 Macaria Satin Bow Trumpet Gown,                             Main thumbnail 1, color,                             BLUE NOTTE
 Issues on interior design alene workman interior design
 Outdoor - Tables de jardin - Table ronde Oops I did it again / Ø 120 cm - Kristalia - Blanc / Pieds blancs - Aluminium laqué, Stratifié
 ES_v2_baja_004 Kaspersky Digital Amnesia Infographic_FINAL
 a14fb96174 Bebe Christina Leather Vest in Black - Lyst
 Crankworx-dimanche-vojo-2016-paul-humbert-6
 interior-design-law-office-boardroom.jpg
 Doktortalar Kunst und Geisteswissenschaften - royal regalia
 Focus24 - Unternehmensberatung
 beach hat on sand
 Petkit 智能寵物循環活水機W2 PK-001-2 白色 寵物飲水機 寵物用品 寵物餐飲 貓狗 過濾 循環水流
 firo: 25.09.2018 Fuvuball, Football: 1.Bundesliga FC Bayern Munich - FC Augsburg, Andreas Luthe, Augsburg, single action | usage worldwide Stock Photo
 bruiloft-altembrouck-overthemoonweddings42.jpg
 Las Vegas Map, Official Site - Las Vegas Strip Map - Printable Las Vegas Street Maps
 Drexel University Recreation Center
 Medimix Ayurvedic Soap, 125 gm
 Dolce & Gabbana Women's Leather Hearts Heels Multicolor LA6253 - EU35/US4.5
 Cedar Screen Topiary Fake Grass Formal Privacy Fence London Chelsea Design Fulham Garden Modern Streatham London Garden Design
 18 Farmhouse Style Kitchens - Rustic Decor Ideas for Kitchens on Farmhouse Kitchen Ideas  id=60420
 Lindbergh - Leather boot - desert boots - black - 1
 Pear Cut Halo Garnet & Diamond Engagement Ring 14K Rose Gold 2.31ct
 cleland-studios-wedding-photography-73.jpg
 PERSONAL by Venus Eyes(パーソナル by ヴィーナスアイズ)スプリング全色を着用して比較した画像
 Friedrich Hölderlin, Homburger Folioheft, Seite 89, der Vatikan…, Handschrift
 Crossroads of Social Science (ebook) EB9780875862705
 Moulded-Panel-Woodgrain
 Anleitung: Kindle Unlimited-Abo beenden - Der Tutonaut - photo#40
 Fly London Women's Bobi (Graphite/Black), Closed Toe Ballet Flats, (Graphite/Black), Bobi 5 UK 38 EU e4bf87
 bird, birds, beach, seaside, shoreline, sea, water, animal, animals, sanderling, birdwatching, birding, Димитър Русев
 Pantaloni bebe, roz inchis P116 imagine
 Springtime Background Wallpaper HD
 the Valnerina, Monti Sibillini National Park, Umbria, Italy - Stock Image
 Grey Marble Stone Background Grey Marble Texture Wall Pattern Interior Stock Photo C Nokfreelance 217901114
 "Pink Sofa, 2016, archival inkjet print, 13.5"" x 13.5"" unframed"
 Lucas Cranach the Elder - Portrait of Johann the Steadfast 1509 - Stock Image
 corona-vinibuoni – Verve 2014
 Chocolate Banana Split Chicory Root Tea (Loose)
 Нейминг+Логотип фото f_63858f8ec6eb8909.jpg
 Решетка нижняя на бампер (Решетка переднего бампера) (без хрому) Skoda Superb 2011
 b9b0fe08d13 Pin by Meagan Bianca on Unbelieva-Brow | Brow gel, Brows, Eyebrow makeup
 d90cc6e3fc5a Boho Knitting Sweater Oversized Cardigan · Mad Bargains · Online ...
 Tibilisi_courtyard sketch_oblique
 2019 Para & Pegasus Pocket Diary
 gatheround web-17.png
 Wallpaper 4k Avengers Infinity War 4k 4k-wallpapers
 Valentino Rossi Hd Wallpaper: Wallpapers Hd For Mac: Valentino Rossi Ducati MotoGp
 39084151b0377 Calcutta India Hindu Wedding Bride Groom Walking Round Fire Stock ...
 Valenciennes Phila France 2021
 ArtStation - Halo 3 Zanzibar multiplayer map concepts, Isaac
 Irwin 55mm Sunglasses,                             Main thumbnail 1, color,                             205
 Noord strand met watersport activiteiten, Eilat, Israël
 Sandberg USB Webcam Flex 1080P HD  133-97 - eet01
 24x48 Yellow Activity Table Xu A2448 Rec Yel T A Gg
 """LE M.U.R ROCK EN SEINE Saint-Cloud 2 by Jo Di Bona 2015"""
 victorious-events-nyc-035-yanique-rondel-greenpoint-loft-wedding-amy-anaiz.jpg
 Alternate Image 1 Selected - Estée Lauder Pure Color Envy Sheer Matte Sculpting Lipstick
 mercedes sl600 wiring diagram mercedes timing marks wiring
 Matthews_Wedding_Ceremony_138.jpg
◆ ◆ ◆ ◆ ◆ ◆ ◆
> [About this exercise]
Please write the data above out again, exactly the same.

> [Exercise result]
 Macaria Satin Bow Trumpet Gown,                             Main thumbnail 1, color,                             BLUE NOTTE
 Issues on interior design alene workman interior design
 Outdoor - Tables de jardin - Table ronde Oops I did it again / Ø 120 cm - Kristalia - Blanc / Pieds blancs - Aluminium laqué, Stratifié
 ES_v2_baja_004 Kaspersky Digital Amnesia Infographic_FINAL
 a14fb96174 Bebe Christina Leather Vest in Black - Lyst
 Crankworx-dimanche-vojo-2016-paul-humbert-6
 interior-design-law-office-boardroom.jpg
 Doktortalar Kunst und Geisteswissenschaften - royal regalia
 Focus24 - Unternehmensberatung
 beach hat on sand
 Petkit 智能寵物循環活水機W2 PK-001-2 白色 寵物飲水機 寵物用品 寵物餐飲 貓狗 過濾 循環水流
 firo: 25.09.2018 Fuvuball, Football: 1.Bundesliga FC Bayern Munich - FC Augsburg, Andreas Luthe, Augsburg, single action | usage worldwide Stock Photo
 bruiloft-altembrouck-overthemoonweddings42.jpg
 Las Vegas Map, Official Site - Las Vegas Strip Map - Printable Las Vegas Street Maps
 Drexel University Recreation Center
 Medimix Ayurvedic Soap, 125 gm
 Dolce & Gabbana Women's Leather Hearts Heels Multicolor LA6253 - EU35/US4.5
 Cedar Screen Topiary Fake Grass Formal Privacy Fence London Chelsea Design Fulham Garden Modern Streatham London Garden Design
 18 Farmhouse Style Kitchens - Rustic Decor Ideas for Kitchens on Farmhouse Kitchen Ideas  id=60420
 Lindbergh - Leather boot - desert boots - black - 1
 Pear Cut Halo Garnet & Diamond Engagement Ring 14K Rose Gold 2.31ct
 cleland-studios-wedding-photography-73.jpg
 PERSONAL by Venus Eyes(パーソナル by ヴィーナスアイズ)スプリング全色を着用して比較した画像
 Friedrich Hölderlin, Homburger Folioheft, Seite 89, der Vatikan…, Handschrift
 Crossroads of Social Science (ebook) EB9780875862705
 Moulded-Panel-Woodgrain
 Anleitung: Kindle Unlimited-Abo beenden - Der Tutonaut - photo#40
 Fly London Women's Bobi (Graphite/Black), Closed Toe Ballet Flats, (Graphite/Black), Bobi 5 UK 38 EU e4bf87
 bird, birds, beach, seaside, shoreline, sea, water, animal, animals, sanderling, birdwatching, birding, Димитър Русев
 Pantaloni bebe, roz inchis P116 imagine
 Springtime Background Wallpaper HD
 the Valnerina, Monti Sibillini National Park, Umbria, Italy - Stock Image
 Grey Marble Stone Background Grey Marble Texture Wall Pattern Interior Stock Photo C Nokfreelance 217901114
 "Pink Sofa, 2016, archival inkjet print, 13.5"" x 13.5"" unframed"
 Lucas Cranach the Elder - Portrait of Johann the Steadfast 1509 - Stock Image
 corona-vinibuoni – Verve 2014
 Chocolate Banana Split Chicory Root Tea (Loose)
 Нейминг+Логотип фото f_63858f8ec6eb8909.jpg
 Решетка нижняя на бампер (Решетка переднего бампера) (без хрому) Skoda Superb 2011
 b9b0fe08d13 Pin by Meagan Bianca on Unbelieva-Brow | Brow gel, Brows, Eyebrow makeup
 d90cc6e3fc5a Boho Knitting Sweater Oversized Cardigan · Mad Bargains · Online ...
 Tibilisi_courtyard sketch_oblique
 2019 Para & Pegasus Pocket Diary
 gatheround web-17.png
 Wallpaper 4k Avengers Infinity War 4k 4k-wallpapers
 Valentino Rossi Hd Wallpaper: Wallpapers Hd For Mac: Valentino Rossi Ducati MotoGp
 39084151b0377 Calcutta India Hindu Wedding Bride Groom Walking Round Fire Stock ...
 Valenciennes Phila France 2021
 ArtStation - Halo 3 Zanzibar multiplayer map concepts, Isaac
 Irwin 55mm Sunglasses,                             Main thumbnail 1, color,                             205
 Noord strand met watersport activiteiten, Eilat, Israël
 Sandberg USB Webcam Flex 1080P HD  133-97 - eet01
 24x48 Yellow Activity Table Xu A2448 Rec Yel T A Gg
 """LE M.U.R ROCK EN SEINE Saint-Cloud 2 by Jo Di Bona 2015"""
 victorious-events-nyc-035-yanique-rondel-greenpoint-loft-wedding-amy-anaiz.jpg
 Alternate Image 1 Selected - Estée Lauder Pure Color Envy Sheer Matte Sculpting Lipstick
 mercedes sl600 wiring diagram mercedes timing marks wiring
 Matthews_Wedding_Ceremony_138.jpg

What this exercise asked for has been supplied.